Taiwan first grabbed investors' attention in the 1970s and 1980s when it was considered one of the "Four Asian Tigers." The small Asian country has realized incredible economic growth since the 1960s, and EWT hopes to capture future growth. Historically, the Taiwanese economy is known for low labor costs and excellent production of computer technology components.
This ETF offers equity investors exposure to large- and mid-cap companies in Taiwan. BlackRock, the fund provider for EWT, estimates this ETF should carry approximately 100 holdings and represent access to nearly 85% of the entire Taiwanese stock market.
A full quarter of EWT's assets under management, or AUM, are invested in the Taiwan Semiconductor Manufacturing Corporation. The remaining holdings in the top 10 account for just over half of all assets. As far as sector weightings, EWT is heavily titled towards technology at nearly 60% of AUM.

Characteristics

Since its launch in 2000, EWT has a considerable asset base, some $3.75 billion, and high volume for an MSCI Index ETF. This makes it unique among Taiwan ETFs, and it remains the only stable Taiwan play going into 2016. EWT is managed by BlackRock Fund Advisors.
The fund is not a perfect track for the Taiwan stock market, however, since it excludes the bottom 15% of firms in terms of market capitalization.
EWT makes annual distributions and its benchmark undertakes quarterly rebalancing. The management fee of 0.62% as of 2015 is considered average for the fund category, if not a little high for indexed ETFs overall.
The ETF is also denominated in dollars, meaning it does not possess a currency exchange adjustment. This can play for or against an American investor based on the exchange rate between the U.S. dollar and the New Taiwan dollar.

Suitability and Recommendations

iShares MSCI Taiwan ETF tracks an index composed of foreign stocks, so it is particularly vulnerable to currency risk, market risk and regulatory risks; it has to deal with securities regulations in the United States and business regulations in Taiwan. Like all MSCI-based ETFs, EWT can be a nice hedge against American stock market fluctuations, but it is highly correlated with the ebbs and flows of the Taiwanese stock market.
Geopolitical tensions create a link between Taiwanese stocks and news out of China.
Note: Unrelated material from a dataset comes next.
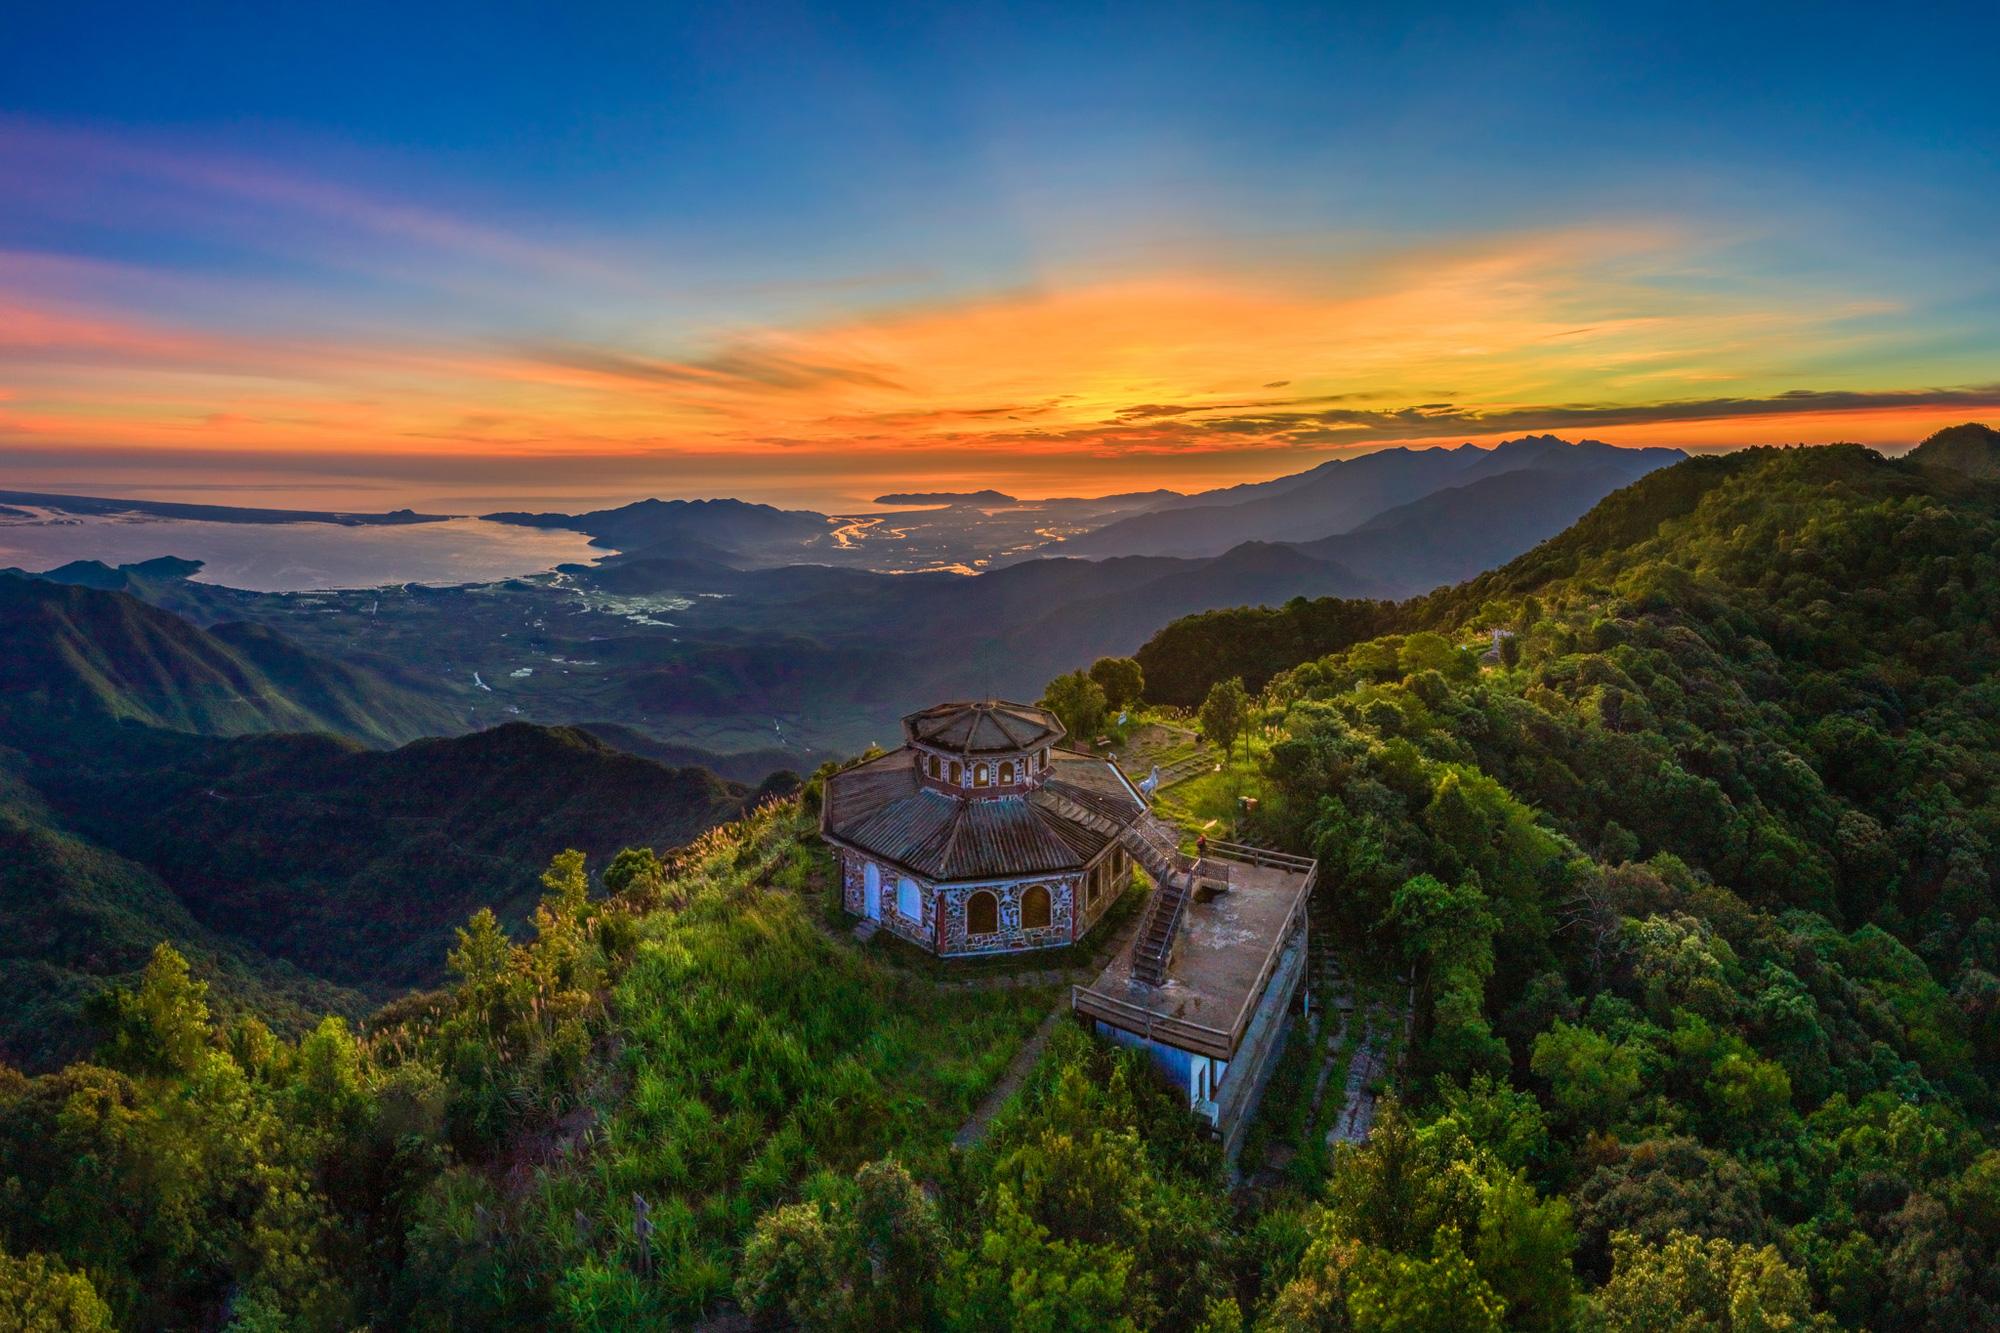 Enjoy stunning sunrise, sunset on central Vietnam's Bach Mapeak

Investors who hold or are interested in EWT should take care to watch political and economic rumblings out of China and, to a lesser extent, Japan.
EWT's modern portfolio measurables are favorable for buy-and-hold investors. As of mid-2015, the fund has a trailing three-year alpha of 7.75 and a trailing beta of 0.69. This suggests the fund is well-managed and lacks wide-spread correlation with average market volatility. The standard deviation of 11.05 is within a standard range for the fund category, and the Sharpe Ratio is a reasonable 1.04. Market analysts like the fund overall; Morningstar rates the five-year returns as "above average" and its risk as "below average."
Even though the beta for EWT is moderately low, EWT is still a 99% weighted-equity fund. It is prone to losing big when recessions hit and should not form the core of an investor's portfolio without significant diversification away from stock market risks.
This fund is best served as a satellite holding to a more broadly exposed equity portfolio. Investors are recommended to find a way to diversify away from such enormous technology weighting and add some nonequity assets over time. American investors who hold primarily North American or European stocks will likely find value in iShares MSCI Taiwan.